Prolog: having true and false value

Question

I am learning to use SWI Prolog, and I am learning to use lists. A small exercise is to check if an element is in a list. Here's what I got:

member(X,[X|_]).
member(X,[_|T]):-member[X|T].

The first case goes as intended:

?- member(a,[b,a]).
true.

But the second doesn't, as some backtracking seems to appear:

?- member(a,[a,b]).
true ;
false.

How could I prevent this from happening, i.e. to get Prolog return me only true? (I don't want to ignore false.)

Answer 1

member/2 is a standard Prolog predicate. You should name yours something else. The standard predicate has the same behavior that you show.

When you query:

?- member(a, [a,b]).
true ;
false.

Prolog finds that a matches the first element and succeeds. There's more in the list to check so it prompts you for more. Pressing ; says "yes, please, check for more". When it does, it finds no more a members so then yields false (in GNU Prolog, it would say no).
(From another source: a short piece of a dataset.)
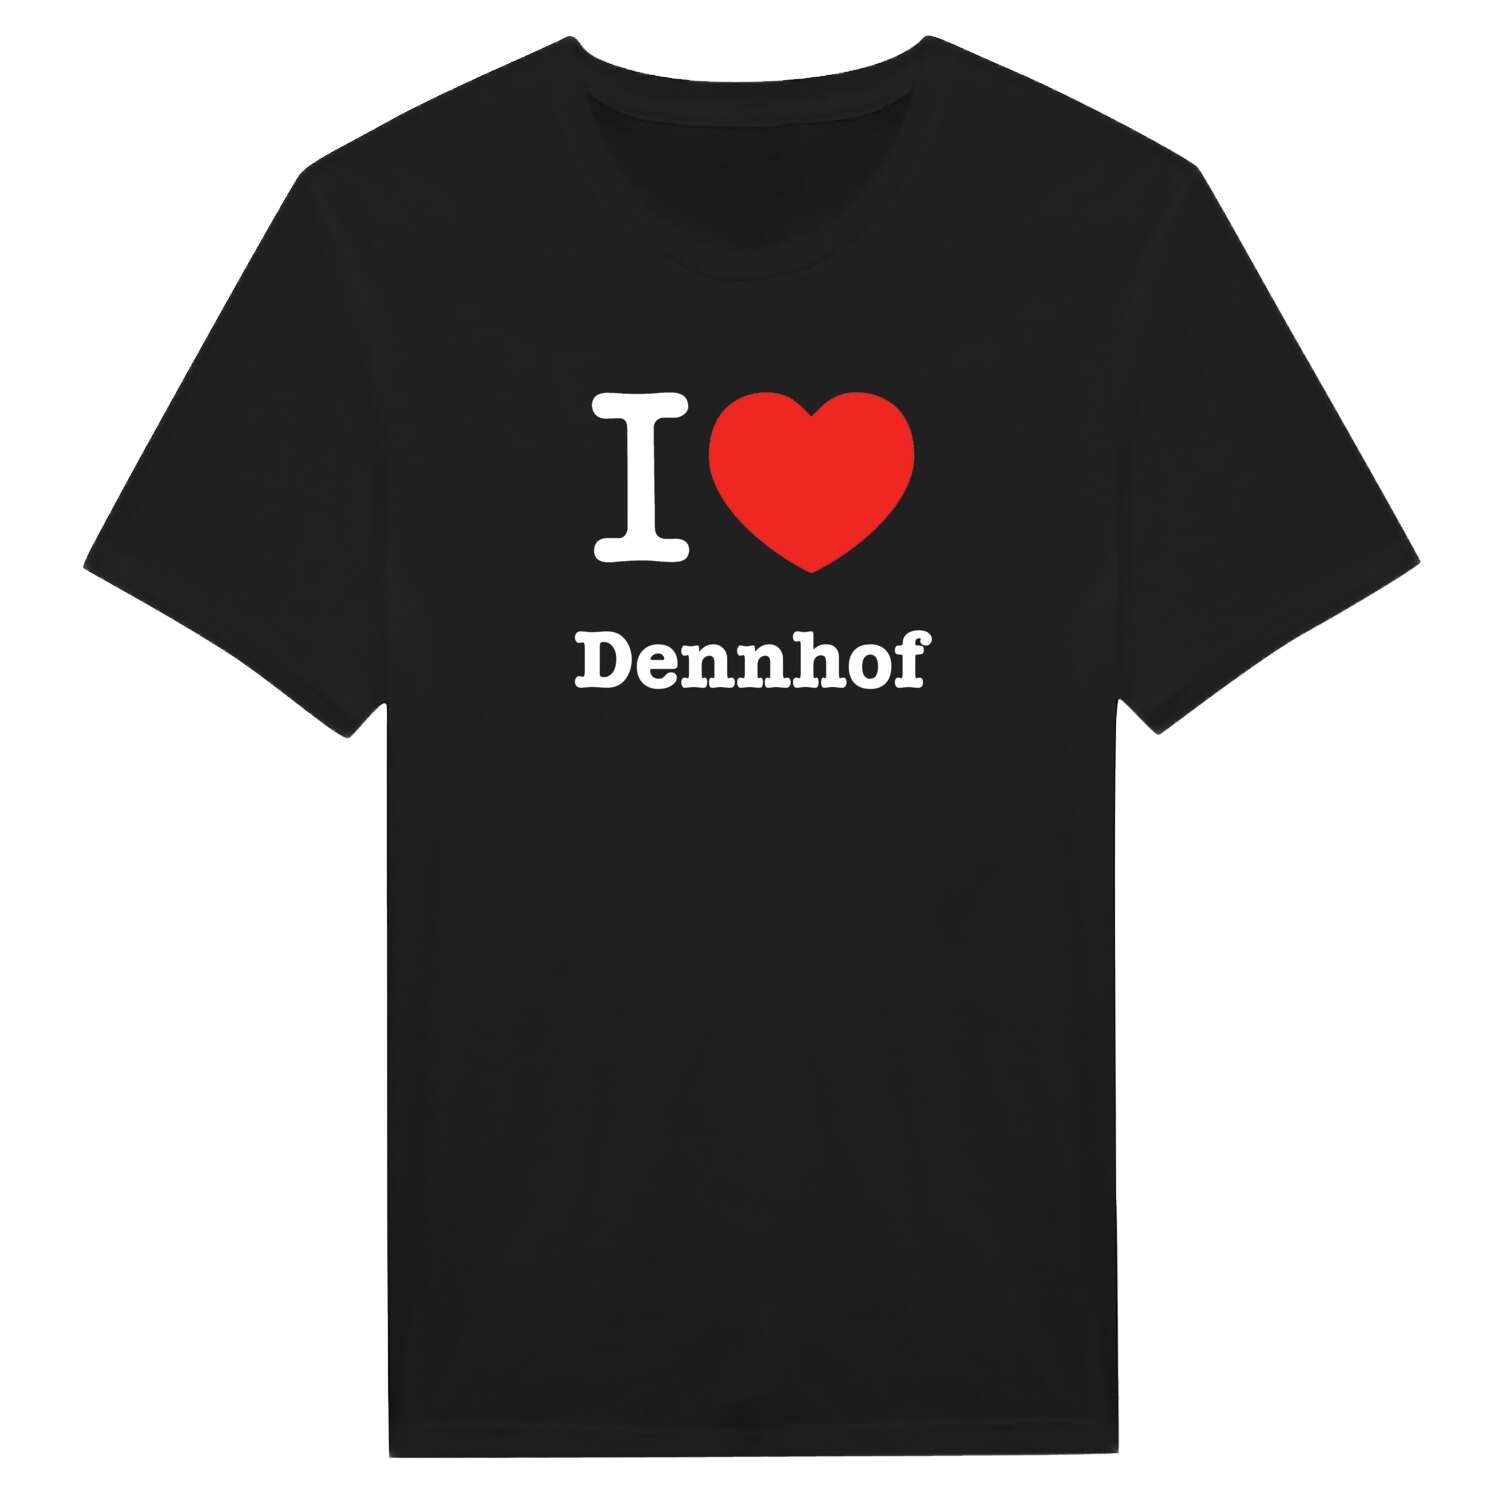 Dennhof T-Shirt »I love«
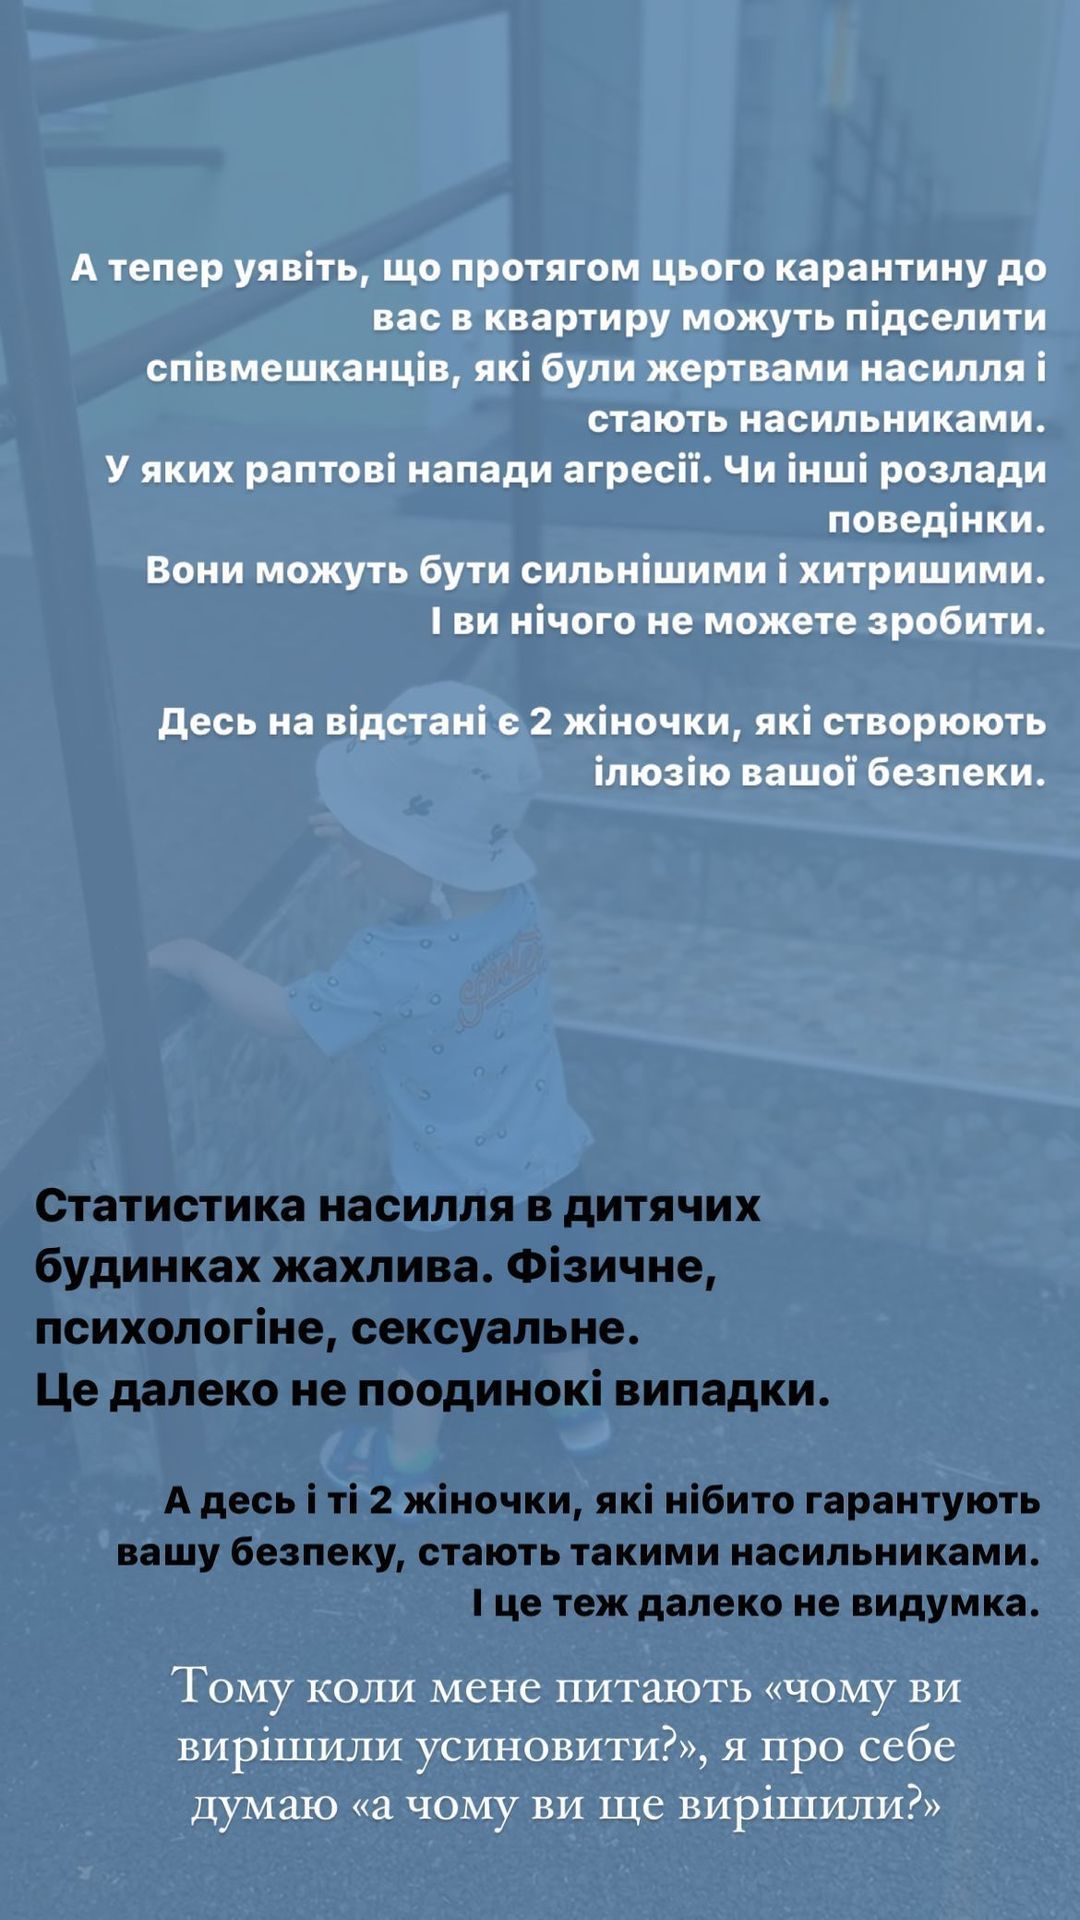 Також Інна Мірошниченко зазначила, що статистика насилля у дитбудинках жахлива:

You can make it go away by either:

• Not pressing ; but press Enter instead, OR
• Use once/1: once(member(a, [a,b])), OR
• You can change your predicate to include a cut in the first clause, but this is a bad idea since then it won't work in the general case: member(X, [a,b]) will only return X = a and then stop.

Answer 2

Using memberd/2 based on library(reif) available for SICStus|SWI, you get determinism in many cases:

?- memberd(a, [a,b]).
   true.
?- memberd(a, [a,a]).
   true.
?- memberd(a, [a,X]).
   true.
?- memberd(a, [a|Xs]).
   true.

Compare this to member/2:

?- member(a, [a,b]).
   true
;  false.              % leftover choicepoint
?- member(a, [a,a]).
   true
;  true.               % redundant solution
?- member(a, [a,X]).
  true
; X = a.               % redundant solution
?- member(a, [a|Xs]).
   true
;  Xs = [a|_A]         % redundant answer
;  Xs = [_A, a|_B]     % redundant answer
;  Xs = [_A, _B, a|_C] % redundant answer
;  ... .

And still the implementation of memberd/2 produces different answers, when necessary

?- memberd(a, [X,Y]).
   X = a
;  Y = a, dif(X, a)
;  false.

Even in this case, memberd/2 avoids the redundancy of member/2:

?- member(a, [X,Y]).
   X = a
;  Y = a.        % partially redundant

These two answers are partially redundant: X = a, Y = a is described by both!

?- member(a, [X,Y]), X = a, Y = a.
   X = Y, Y = a
;  X = Y, Y = a.    % redundant solution

Answer 3

Note that any query will unify with both clauses since member(X,[X|_]) unifies with member(X,[_|T]). You need mutually exclusive clauses. Since the prolog cut will break reversibility (as stated before), there is another option:

member(X,[X|_]).
member(X,[Y|T]):- X \== Y, member[X|T].

Answer 4

The other answer is good but maybe it is important to add that member/2 is in textbooks with this implementation exactly and because it uses pattern matchin and unification it can do more interesting things...

?- member(a(X), [a(1), b(2), c(3), a(4), b(5), a(6)]).
X = 1 ;
X = 4 ;
X = 6.

There is also memberchk/2 which is for testing for membership only. The other answer also explain how to implement.

It seems the two are on purpose not the same (why make both otherwise?)